Best practices - 1.1 general

General

This section details general best practices to follow when implementing Funnelback.

Avoid customisation

Customisation, beyond the result templates should be avoided where possible as it can affect the ability to upgrade easily and can also have other unintended side effects on the correct functioning of the search.

Where possible avoid solutions that:

  • require custom filters, especially if there is a dependency on the structure of the markup of the content.

  • require manipulation of the query or response data via hook scripts.

  • require customisation of the faceted navigation or query completion behaviour.

Avoiding customisation has the following benefits:

  • Implementation time is reduced so it’s cheaper for the customer to make use of standard functionality.

  • Upgrades are simplified as standard functionality will be upgraded automatically by Funnelback when an upgrade occurs. This reduces the cost of upgrading to a newer version of Funnelback.

  • Bugs within standard functionality can be reported to the developers. Bugs in custom functionality require custom development and are unsupported.

Exclude unnecessary content

Use whatever processes are available to prevent unnecessary content from ever entering the search index.

This includes:

  • For web collections using robots.txt, robots meta tags and Funnelback no index tags.

  • Using the gatherer’s include/exclude mechanisms.

  • Gathering content as a user that only has access to the relevant documents.

Data cleansing

Where possible clean any data at the source. This includes:

  • Adding noindex directives and any includes for header/footer includes

  • Adding/extracting metadata

  • Transformation of database fields

Should a filter or a hook script be used?

Data cleansing efforts should be applied as close to the source as possible. The order of priority for cleaning should be:

  • Source: Can you arrange for the data to be as close as possible to the expected format? Can you gather only what is needed (include / exclude patterns, noindex tags)?

  • Custom filter (Groovy): changes the content before it is indexed.

  • Hook scripts (Groovy): changes the content in the data model as it is returned from the index.

  • Server-side template (Freemarker): changes the content as it is read from the data model as it is being displayed to the end user.

  • Client-side scripting (JavaScript): changes the content within the user’s browser.

Cleaning the data closer to the source has a number of benefits:

  • It is easier to understand what is going because there are an increasing number of places where cleaning can occur. e.g. having JavaScript code correct something in the data for display would require an implementer to inspect the JavaScript, then FreeMarker, then the hook scripts, the filters and finally the data to be able to understand what the JavaScript is doing. It is also confusing for the content owners as the cleaning is often not visible to them - so what is in their source content is not reflected in what they see in the search results.

  • The data clean has a wider effect.
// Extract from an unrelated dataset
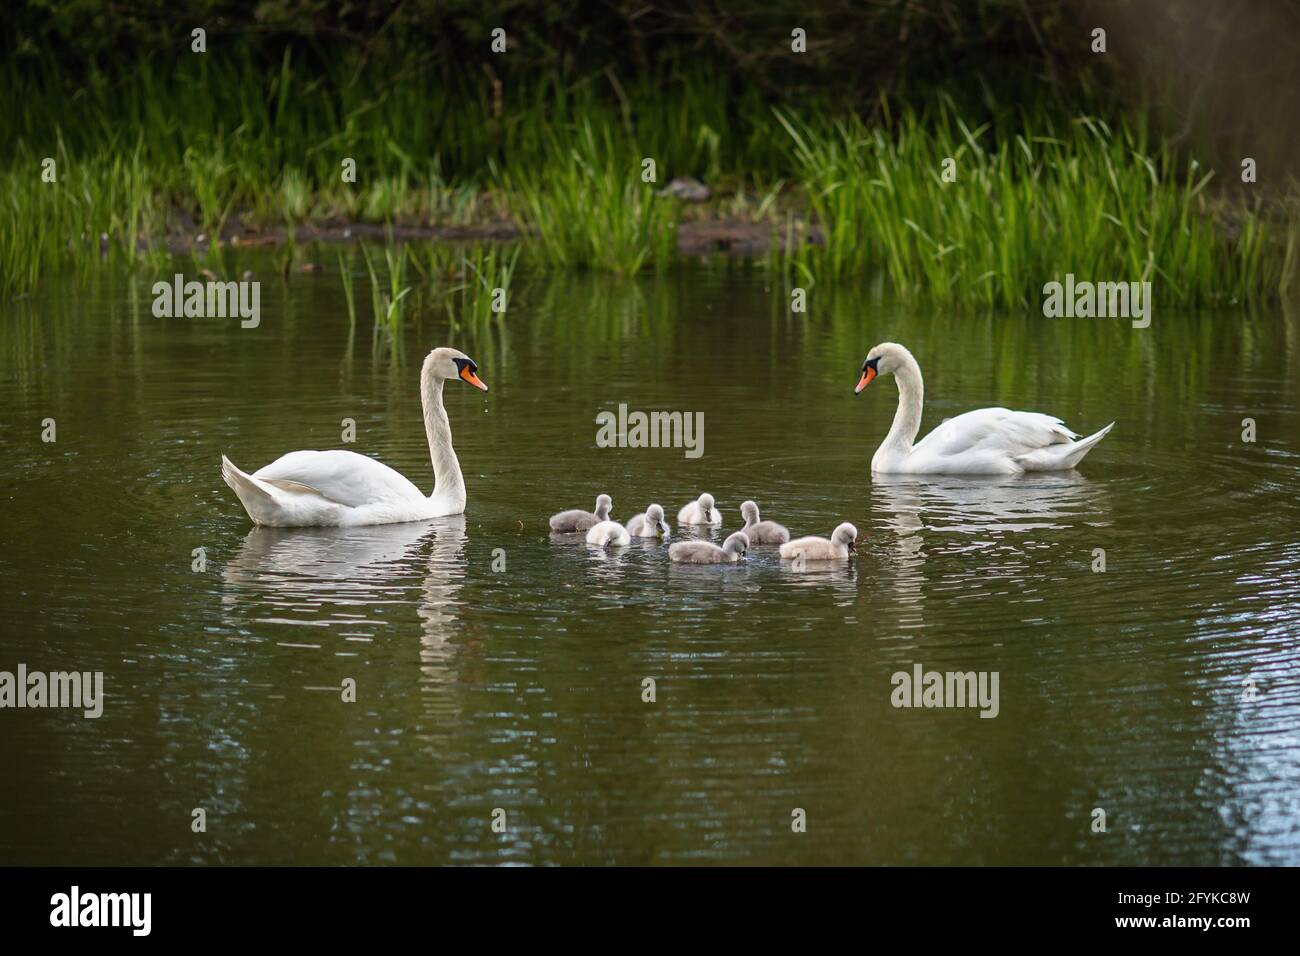 Familia de cisnes enmudos blancos salvajes con siete adorables muelles nadando en un lago verde. Foto de stock

E.g. cleaning code in the Freemarker template does not affect the JSON and XML output, and index related functionality such as sorting will not be affected by any changes. Cleaning done in a hook script will not affect the cached copy of the document. Cleaning at the source will affect everything (including other search engines that might index the content).

  • Preventing unwanted or uncleaned data from entering the index will improve ranking quality as there is less noise in the index.
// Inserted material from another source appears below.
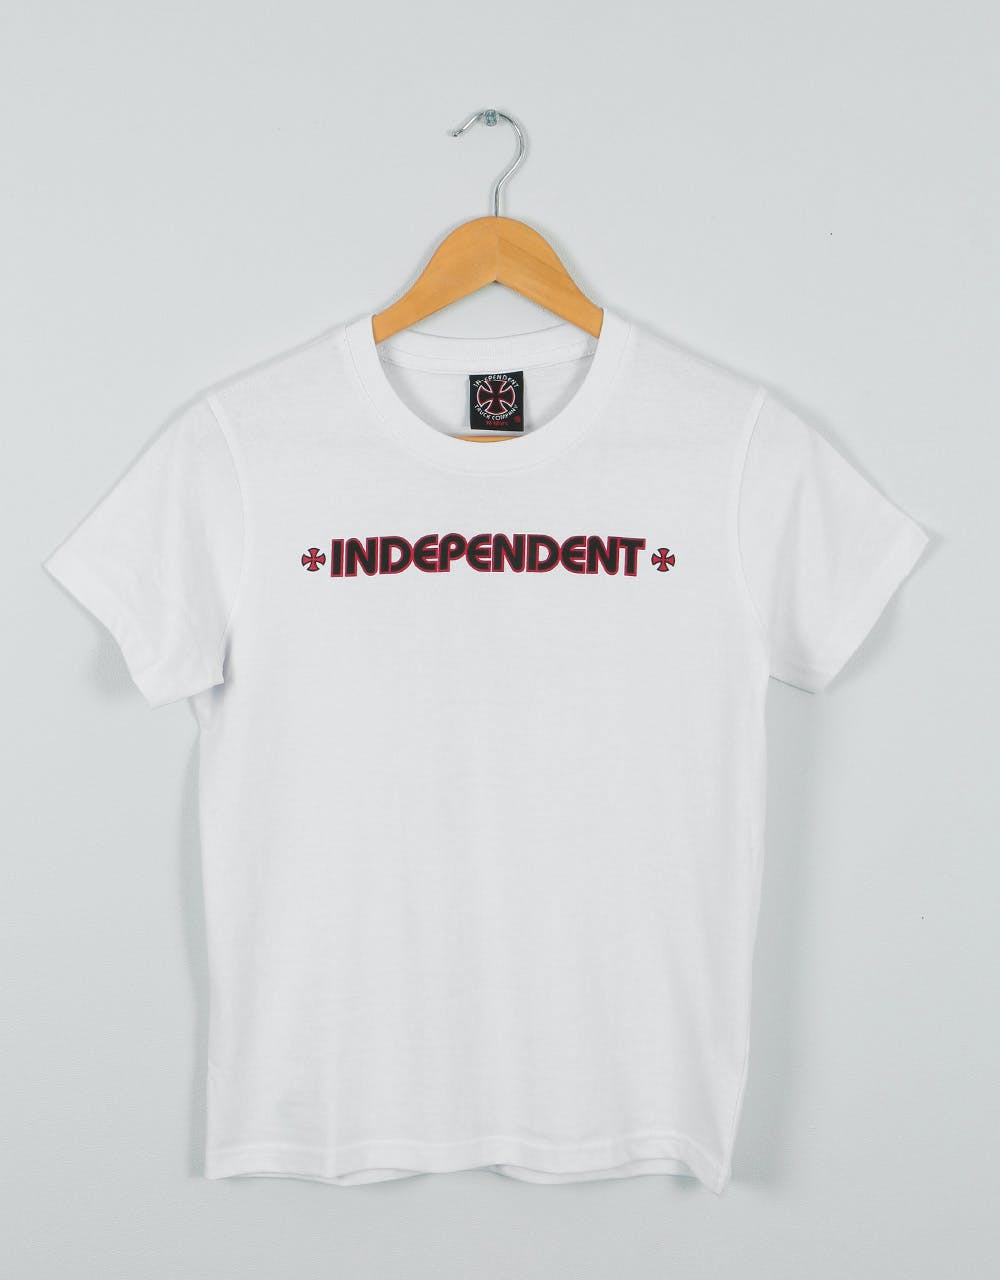 Independent Bar Cross Kids T-Shirt - White

Use custom configuration settings

Arbitrary settings can be stored inside the collection configuration file collection.cfg. Settings that Funnelback doesn’t recognize will be ignored and left as-is. These arbitrary settings can then be accessed from various parts of the system such as templates, hook scripts and filters.

This is especially useful to store configuration values rather than hard-coding them in the templates or filters. Common uses include the capture of URLs of third-party resources, API keys to access a service or settings used by a reusable script or template.

api.key=12345678
logo.url=http://example.org/logo.png

Accessing custom configuration settings

Search template (FreeMarker)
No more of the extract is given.